Una lettera piena di incoraggiamento, arrivata direttamente dalla principessa Kate Middleton, ha commosso una giovane mamma veneta che sta combattendo contro un tumore. Protagonista della storia è Claudia Zanir, 33 anni, residente a Zimella, nel Veronese, che da tempo scrive alla principessa del Galles e che, dopo la scoperta della malattia, ha deciso di raccontarle il proprio dolore e le proprie paure. La risposta di Kate Middleton non si è fatta attendere e oggi la vicenda sta facendo il giro del web dopo essere stata raccontata dal quotidiano “L’Arena”.
La lettera di Kate Middleton a Claudia Zanir
“Ti auguro il meglio rispetto alle cure che hai intrapreso: la tua positività e resilienza, nonostante le circostanze così difficili, sono davvero fonte di ispirazione”. Sono queste le parole che la principessa del Galles ha scritto a Claudia Zanir in una delle lettere ricevute dalla giovane mamma veneta. La 33enne aveva deciso di contattare Kate Middleton lo scorso agosto, poco dopo aver scoperto di avere un tumore. In realtà Claudia scrive alla principessa da anni e, come ha raccontato lei stessa, ma aveva sempre ricevuto le tradizionali cartoline istituzionali di ringraziamento da parte della Casa reale britannica. Questa volta, però, la situazione era diversa.

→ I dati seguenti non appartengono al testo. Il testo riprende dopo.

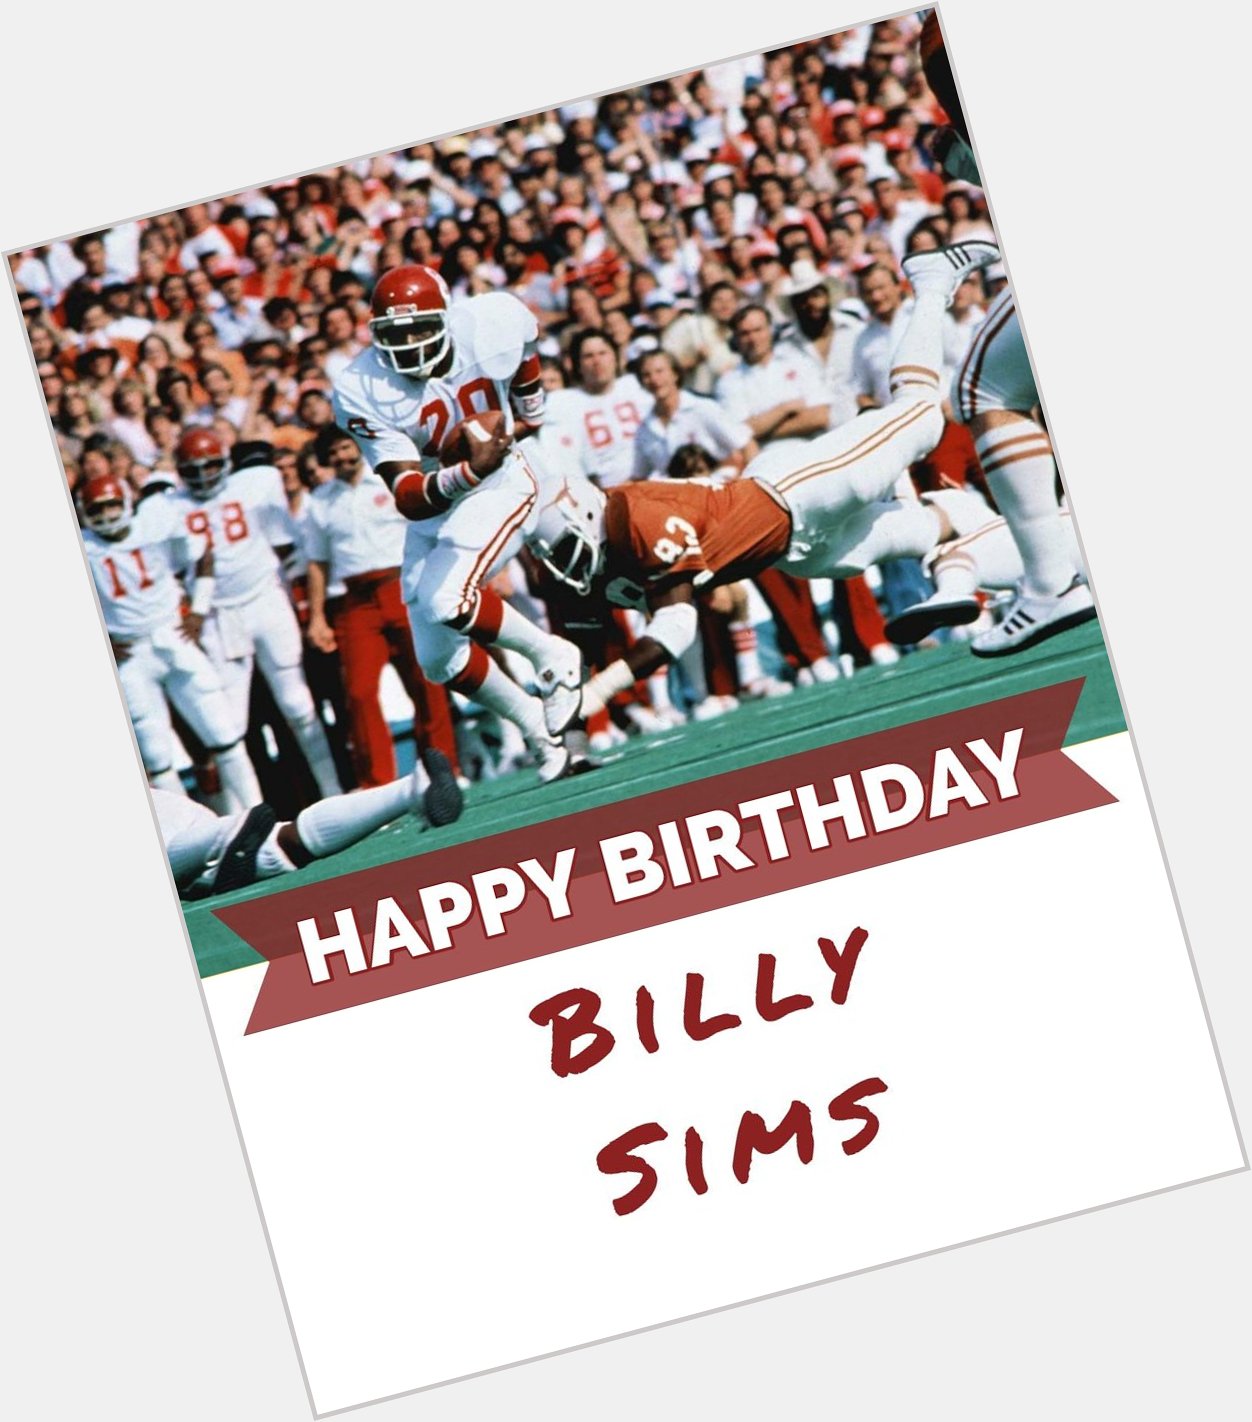 Happy Birthday Billy Sims!

La donna aveva bisogno di condividere la propria angoscia con qualcuno che stava vivendo una battaglia simile.
“Ci era passata prima di me”
Intervistata dal quotidiano locale, Claudia ha spiegato il motivo che l’ha spinta a scrivere ancora una volta alla futura regina. “Venero in maniera letterale la Principessa del Galles, le scrivo da tre anni e normalmente ricevo le cartoline istituzionali di ringraziamento. Quando, ad agosto, ho scoperto di avere un tumore, ho pensato di farlo di nuovo, ci era passata prima di me, anche lei da mamma”. Nelle lettere inviate a Kate Middleton, Claudia ha raccontato tutto ciò che stava vivendo, le paure legate all’intervento chirurgico, le cure, ma soprattutto l’angoscia per la sua bambina. “Le ho raccontato quello che stavo vivendo, confidato le mie preoccupazioni per l’intervento e per Teresa, la mia bimba di un anno e mezzo”, ha spiegato la 33enne. Le parole della principessa hanno avuto per lei un valore enorme, soprattutto perché arrivate da una donna che negli ultimi anni è diventata simbolo di resilienza per moltissimi pazienti oncologici.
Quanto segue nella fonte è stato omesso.